The Sumerians, however, created the first known formal


education system. These schools taught the skills of a scribe,
which was (and still is) a professional writer. In Sumer, scribes
were individuals who wrote books or documents by hand in
cuneiform or other scripts, and helped keep track of records for
priests and government. Learning to be a scribe was also a
possible pathway to the most powerful profession in ancient
Mesopotamia - a priest. Priests needed to know how to read
and write to keep the records of the ziggurats (Mesopotamian
temples) and to monitor the sun, moon, stars, and planets.
Scribes could also go to work for the government (keeping track
of taxes, building projects, floods, etc.) or for business owners
(sales records, harvests, etc.)

The path of a scribe was not easy, however.

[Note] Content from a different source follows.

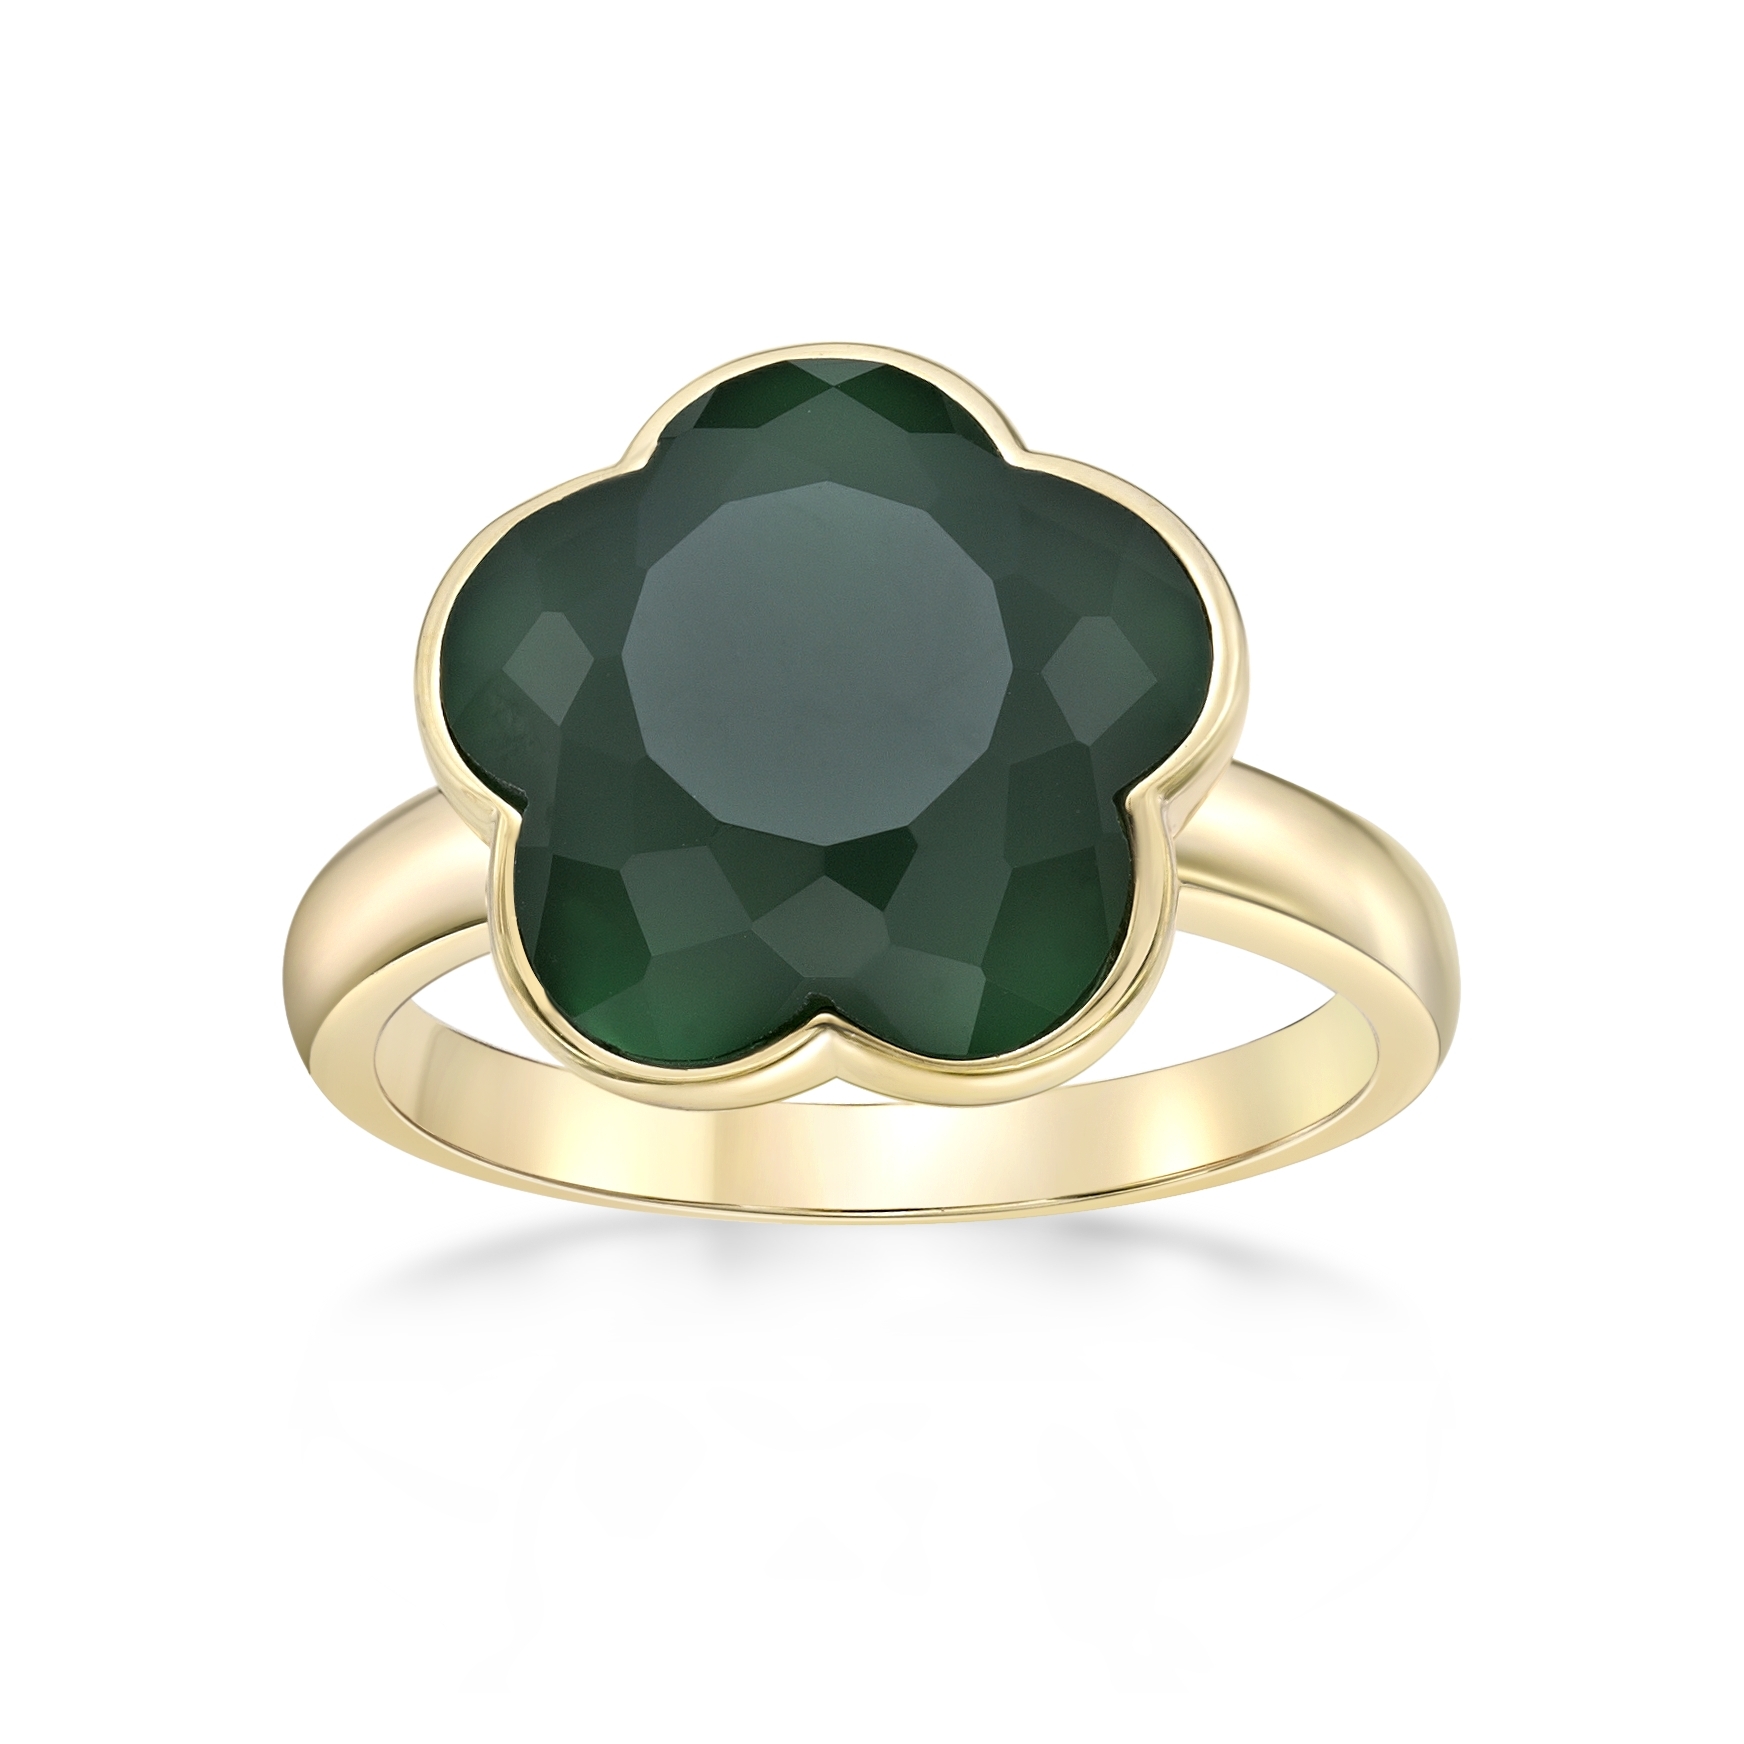 Lavari Jewelers Women’s Green Onyx Five Petal Flower Ring, 925 Sterling Silver, Size 6

First of all, scribes
were typically male. You also had to be a member of a wealthy
family; it cost a lot of money to attend school and learn to be a
scribe, so it was unlikely that you could do so if you were the son
of a lowly farmer. Additionally, you had to attend school for
many years to learn the written language (“cuneiform”), the
number system (“sexegesimal”: based on the number 60), and
the methods and conventions of a scribe. Much of scribe school
consisted of memorizing and copying cuneiform texts from one
tablet to another.

It was not easy, but the students that could make it through
school and become a scribe definitely reaped the benefits.
Scribes were some of the most powerful people in Mesopotamia
because they controlled information and knowledge. Because
they could do something that most other people could not,
they were respected, powerful, and wealthy.